Talib Kweli: “Jesus talked to everybody – the beggar, the tax collector, the prostitutes”
Talib Kweli is getting his brag on, raising his taut, nasal voice a pitch, explaining why he shared a track with one-time murder suspect rapper Gucci Mane: “Jesus talked to everybody – the beggar, the tax collector, the prostitutes. Jesus isn’t saying – ‘help those who deserve it’. Jesus is saying ‘Help everybody’ because we all god’s children.”
He has some justification comparing himself to The Son of God: he has been deferred to in verse by Jay-Z and Kanye West; rumour has it that Seamus Heaney is a fan. He is the purist’s choice, delivering consistently smart, traditional hip hop since his debut in ’95. He has collaborated with Jay, Kanye and Justin Timberlake, achieved the unthinkable by signing deals with Warner and Universal as a leftfield MC and with fellow Brooklynite Mos Def, released what is widely seen as a late-golden era hip hop gem, Mos Def and Talib Kweli are Black Star.
Talib is indeed a paragon of virtue in the increasingly dispersed underground US scene, keeping it real to fault whilst newer rappers like Lil B and Odd Future test the boundaries of what’s safe. He’s probably the key target when critics attack the hematoma’d state of ‘undie’ rap – stuck in cellophane perfection and too afraid to move.
Which makes his next quote prescient: “I’m not only going to work with people who follow my mind state. I’m not going to associate with artists that pick beats that I like.
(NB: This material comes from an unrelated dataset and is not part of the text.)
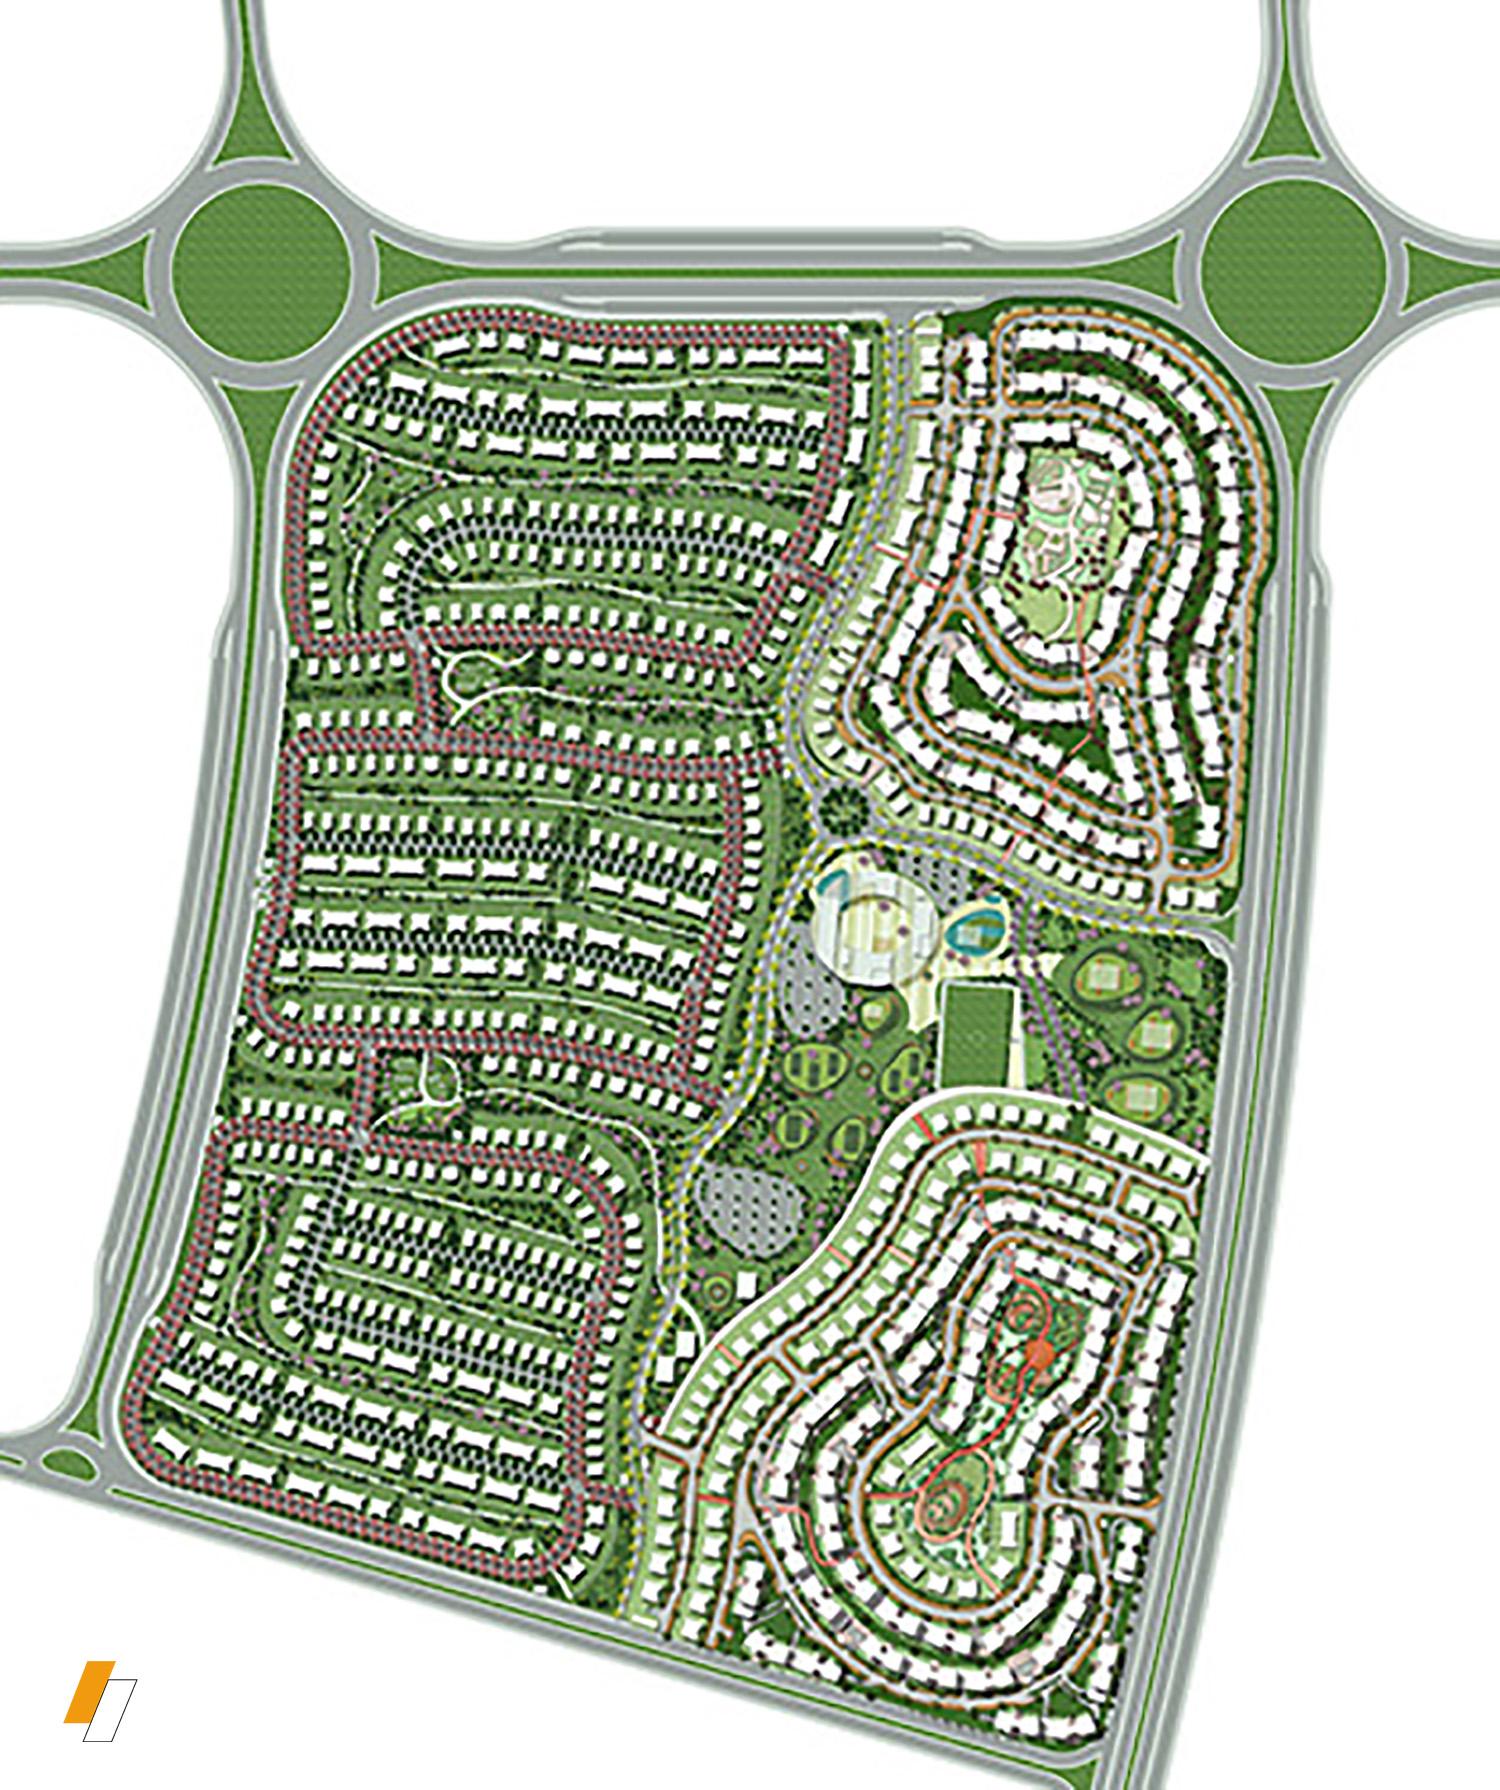 Villette - Master plan image - Flash property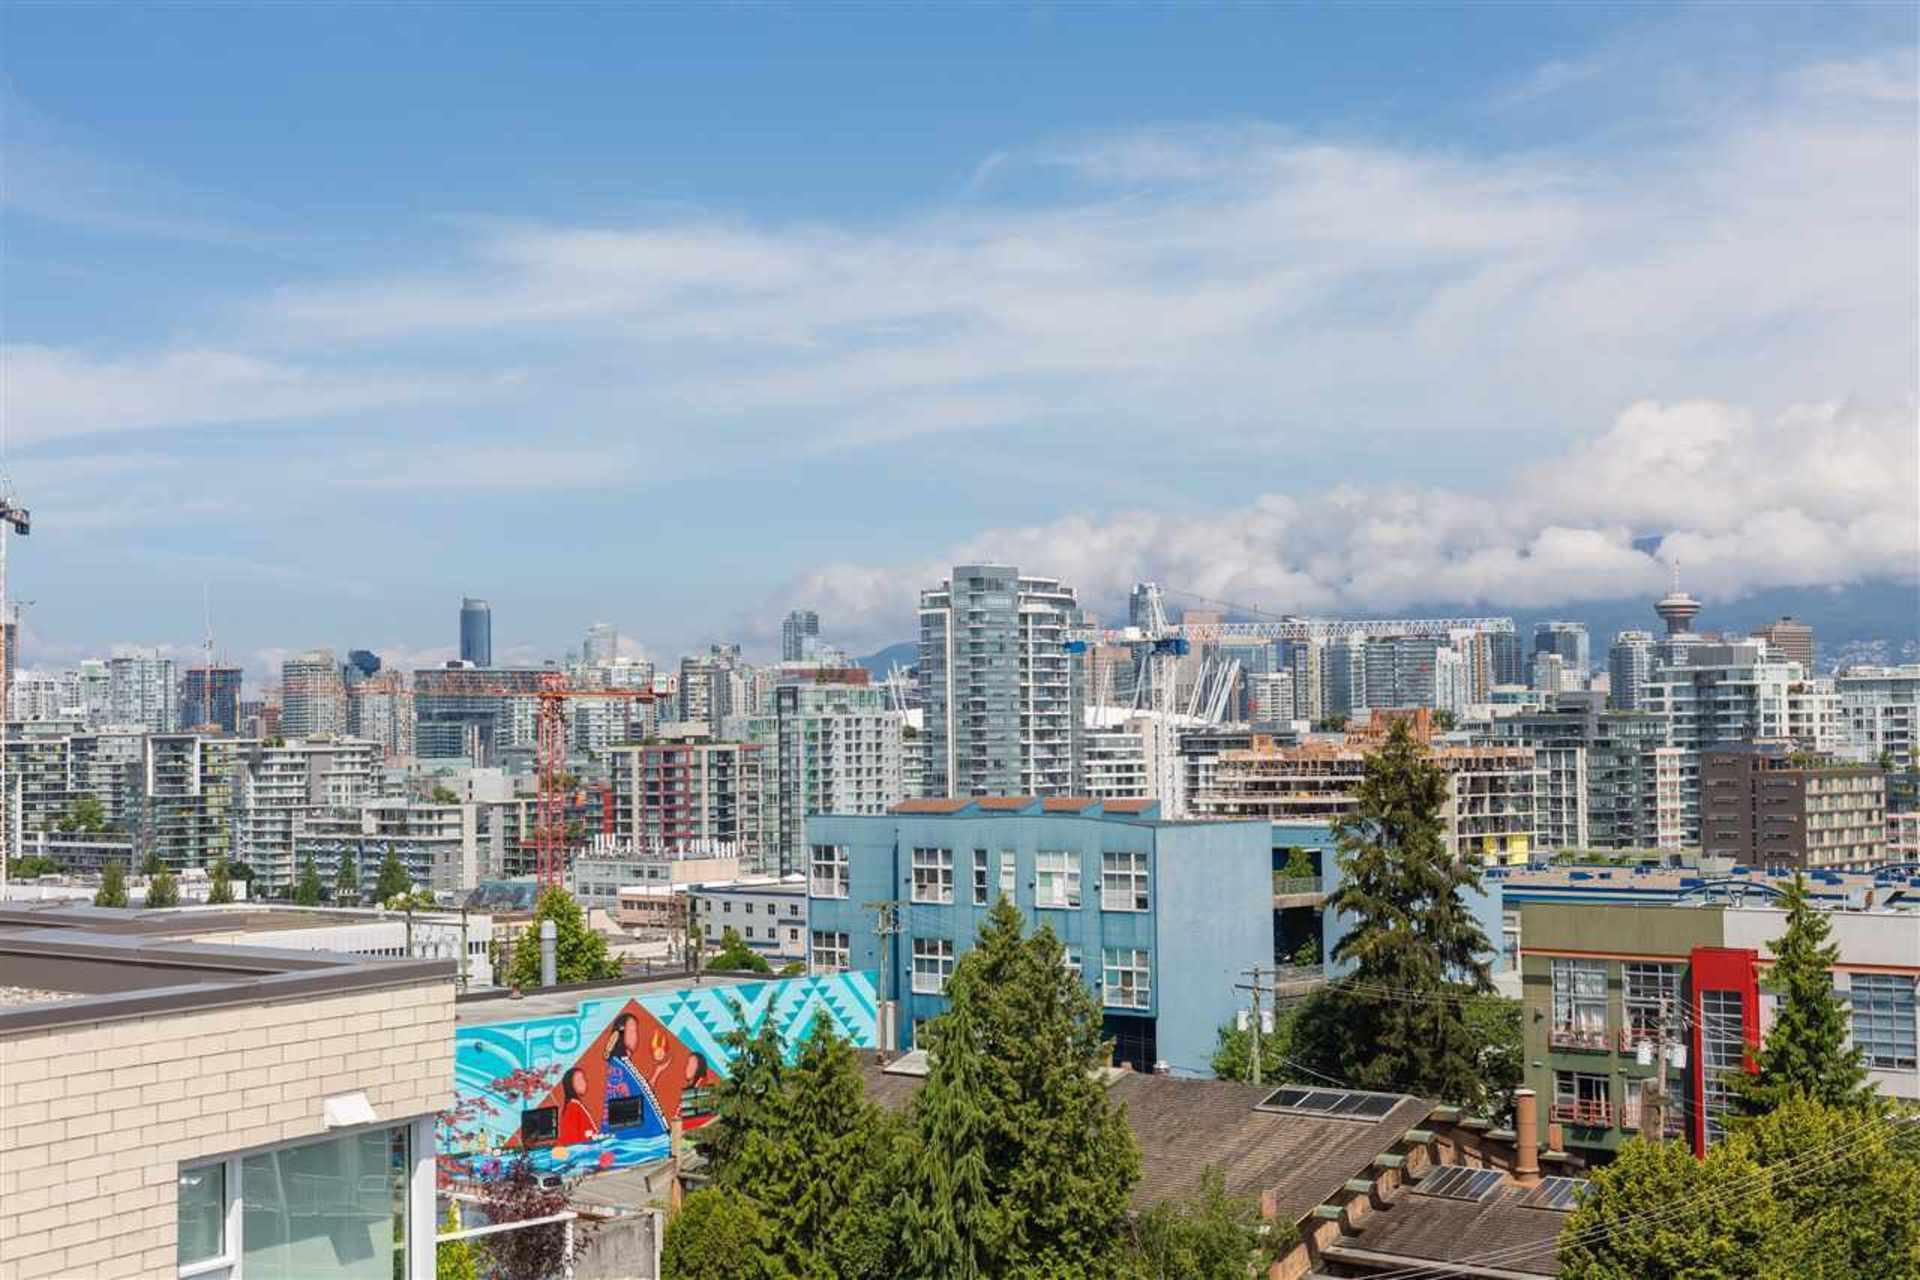 311-e-6th-avenue-mount-pleasant-ve-vancouver-east-26 at 108 - 311 E 6th Avenue, Mount Pleasant VE, Vancouver East

That would be real corny of me and it wouldn’t be me being a true artist.”
Of all Kweli’s recent output, his best and most refreshing was in fact the track he did with Gucci Mane [Poltergeist] – who incidentally managed to shift 369,000 copies of his second album whilst in jail.
Kweli’s thinking is the product of a cultivated Afrocentric mind – his mother was a university professor, as is his brother. His take on Baroness Warsi’s lately defined Islamophobia is as follows: “When you trade your freedom for your protection you don’t really deserve either. And the people are so scared that they’re giving away their freedom, and placing their fears on people who have nothing to do with it. And the worst part about it is – you have the Crusades in history which was a terrible tragedy in Christian history and you have Catholic priests raping little boys but it would be foolish for someone to say that it’s Christianity that makes them act like that. Although it’s mainly Catholic Church figures doing it, does that equate to thinking it’s their belief system that’s making them do it? No – they are just sick men.”
His album Gutter Rainbows, out this month, takes its name from a line in The Catcher in the Rye. He didn’t enjoy the book apparently, but felt an affinity with the “gasoline rainbows”, shining out of different gutters, in the same New York. The album has some excellent tracks, none better than the powerful I’m On One [sample lyric: ‘Appetite for diamonds rival that of the Ottoman, Phenomenon, I’ll eat you after dark like this was Ramadan’] and Uh Oh, where Jean Grae makes an excellent contribution.
It was Jay-Z who put Talib Kweli’s name in lights with his verse: “If skills sold, truth be told, I’d probably be, lyrically, Talib Kweli.” Quizzed about the line last year, Talib Kweli replied: “Jay-Z’s not the biggest rapper in the world because he’s the most skilled, I think that’s the point he was making. From the beginning he approached it from a business point of view. The first time I got a cheque was in London actually, when I did a show at the Jazz Café. It was for $1100 and I’d never seen $1100 in my life. I didn’t even expect any money, I just couldn’t believe that someone would fly me over and put me in a hotel to hear me rap.”